I do not intend to give a formal review of the season — that being a more daunting task than I feel up to right now — so I’ll first say that the show is excellent, and I recommend it to anybody with an interest in good drama and strong female characters.

What I noticed this season that set it apart from season one was how it treated its protagonist Piper Chapman: the everywoman character whose life is turned upside down by a prison sentence brought on by a past crime caught up with her. While the first season dealt heavily with her transition into prison life and the fallout with all that came with that, her role in season two was different. Although her own plotlines and changes in her life were still a narrative concern, I would not say that her story was ultimately what season two was about.

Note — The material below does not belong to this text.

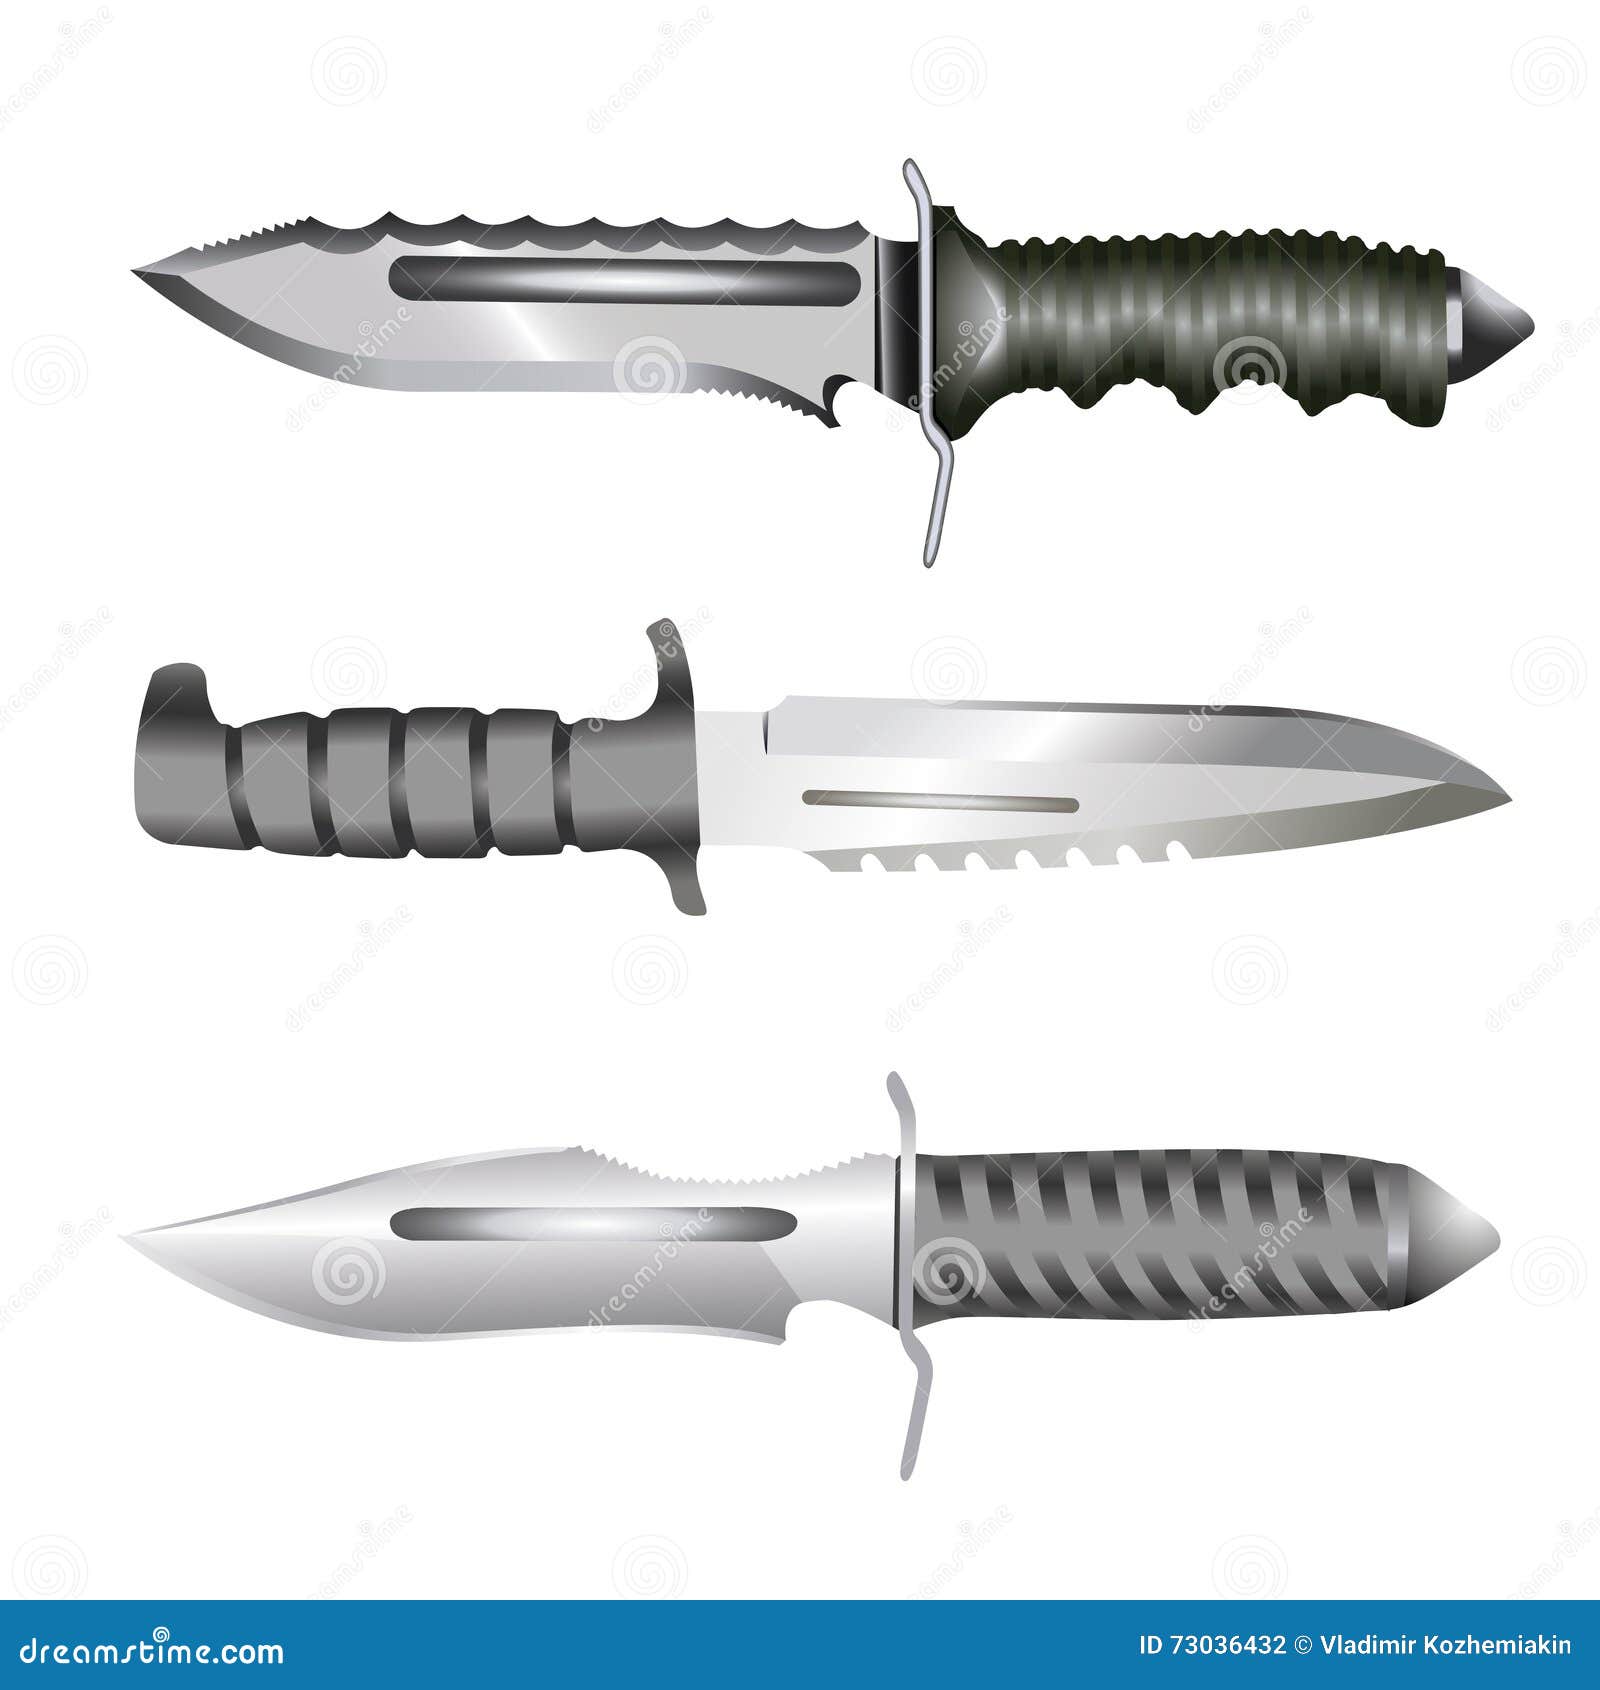 Knife stock vector. Illustration of knife, military, stab - 73036432

The primary antagonist of the season, around whom the most compelling conflict was focused, was Yvonne “Vee” Parker, whose machinations affected the daily lives of many of the inmates, but never really Chapman. This is what I found particularly interesting about this season — that the protagonist was almost completely disassociated with what was clearly the core narrative.

I have heard that the creators of the show intended to use Chapman’s story as a kind of Trojan horse to allow them to make a show that focuses just as much attention, if not more, on minority female characters. Not only do I think they have pulled this off quite effectively with the series — especially this season — but I particularly like how they went about executing it.

They did not simply shuffle Chapman and her story to the side, since they still gave a lot of focus on her through the prison administration corruption storyline, but rather they evolved her narrative into the outer frame of the whole show, creating what appears to me to be a subtle frame narrative.

For those who do not know, frame narrative is simply the presence of a story within another story. Famous examples in literature include Joseph Conrad’s Heart of Darkness and Mary Shelley’s Frankenstein.

While I do acknowledge the show also has plenty of subplots within that involve supporting characters as well, I feel the narrative has evolved into a frame narrative based on the importance of the separate plotlines involving Chapman and Vee. While one involves the series protagonist and the other does not, that does not establish one as more important than the other in the presentation of season two’s story. Instead we’ve got the story operating in a way just as the creator’s supposedly intended — Chapman’s continued incarceration and related storyline anchors the narrative to Litchfield Penitentiary, creating a frame through which the audience continues to follow the plotline surrounding Vee.

In this way the show continues to be very refreshing to me by presenting narrative in a very unique way, especially in how they have managed to create a frame that is almost invisible. Some may find the experience a little jarring, since we are used to our protagonists being engaged with large conflicts in some way, but I personally did not find the experience lacking in narrative payoff and satisfaction, leaving me all the more eager for season three.